RP rescue teams scour towns for typhoon victims
RP rescue teams scour towns for typhoon victims
MANILA (Reuter): Rescue teams fanned out in typhoon-hit areas to scour devastated towns and villages for the victims of the most powerful storm to hit the Philippines in a decade, relief officials said yesterday.
The Office of Civil Defense (OCD) dispatched two sacks of lime and supplies of the preservative formalin to the town of Calauag, a village 160 kilometers southeast of Manila, to ward off the stench of decomposing bodies left by the storm.
At least 143 people died in the town after a tidal surge, landslides and floods triggered by super-typhoon Angela's fury last Friday caused havoc in the area.
"We are waiting for reports from the rescue teams on the bodies they are digging out," Dolores Manio, OCD spokesperson, said by phone.
"Calauag is asking for more formalin and two sacks of lime for all the dead people in the area," she added.
Two Philippine Air Force transport planes flew out yesterday morning to the Bicol region, one of the worst-hit areas at the southern end of Luzon island, to distribute relief supplies.

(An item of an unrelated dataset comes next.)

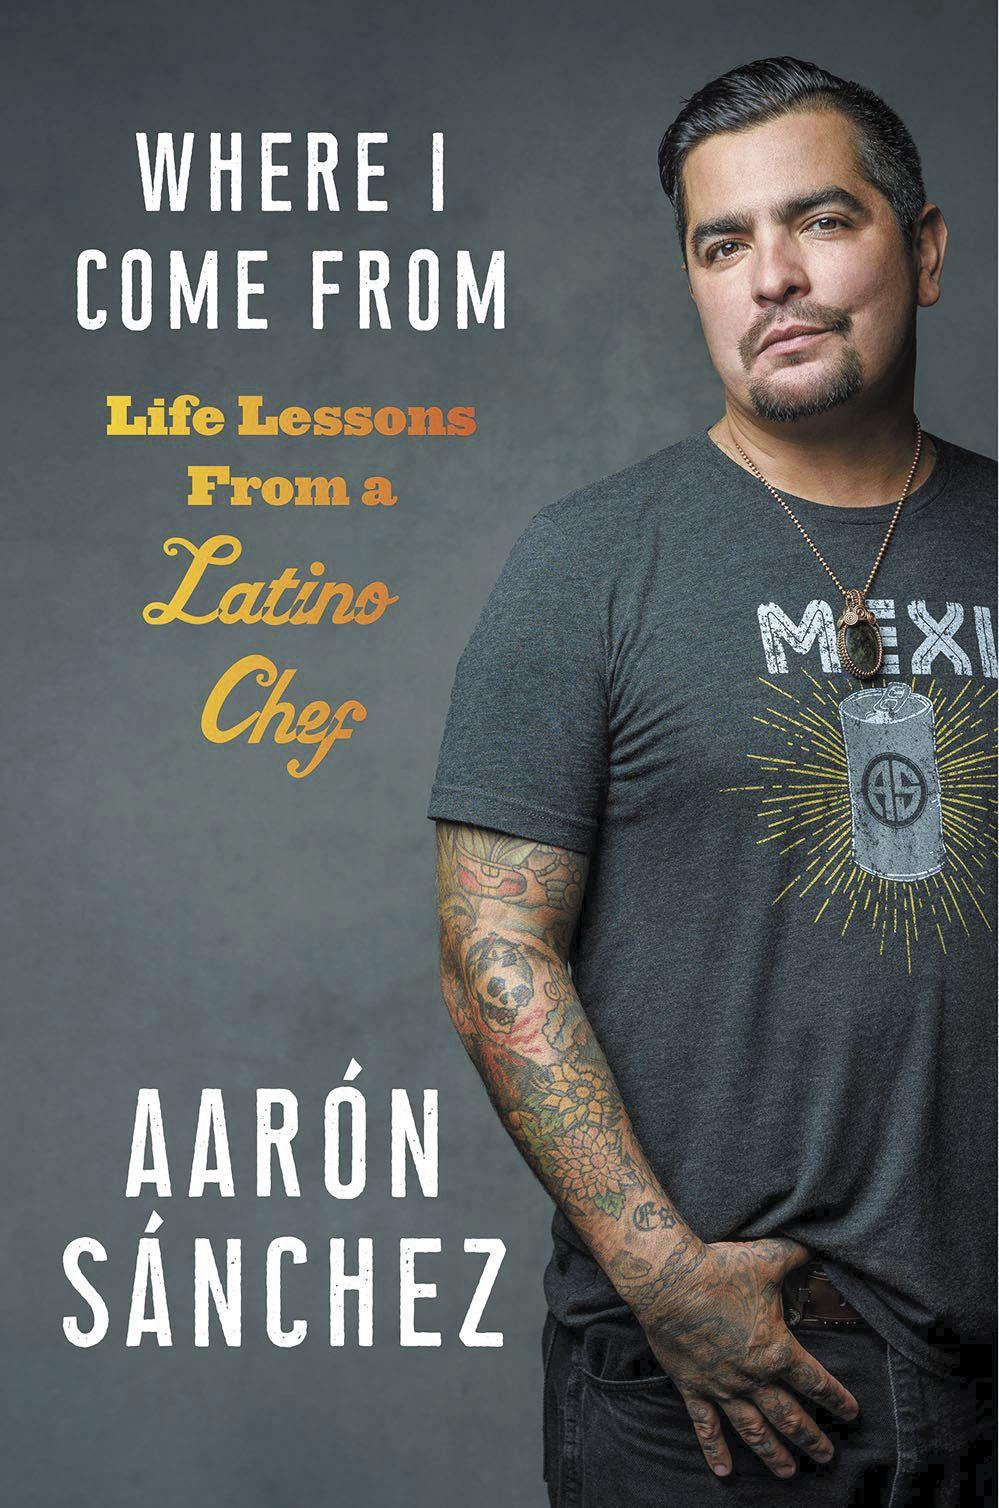 Chef Aarón Sánchez revisits El Paso roots in new book 2

Another flight brought along medical teams to treat people injured by the typhoon. Over a dozen bridges were demolished by the storm, hampering efforts by rescue teams.
At least 490 people were killed by Angela and over 2,800 injured when the typhoon struck last Friday, destroying farms, ripping apart buildings and demolishing bridges and roads across the country's most populous island.
"The process of digging out bodies will take days. There are some areas that are very difficult to reach," a local official told a Manila radio station.
Manio said it was impossible for the rescue teams to reach all areas needing assistance immediately because of the limited resources available to the government.
"We are already using the facilities of the Armed Forces, but it would be difficult to tackle everything," she said.
More than 50,000 houses and traditional thatch huts were blown away by the typhoon when it roared in from the Pacific ocean last Friday.
Damage to crops, infrastructure and property has already reached two billion pesos (US$77 million) and the bill is seen rising in the coming days as a more complete accounting of the damage is made, disaster officials said.
Angela is the second typhoon to hit the country and came five days after tropical storm Zack ravaged the top sugar-producing islands of Negros and Panay, jeopardizing the country's sugar crop.
"It should lower the growth rate of the country," Jonas Ferrer, research chief of Pryce Securities in Manila, said in an interview. "If another typhoon like this hits us again, we're dead."
Patrick Garcia of L.M. Garcia and Associates said the impact of the two typhoons would likely trim growth in gross national product (GNP) to 5.0 percent from earlier government forecasts of GNP expanding by 6.0 percent in 1995.
Many areas in Manila remained without power, although life has returned to normal.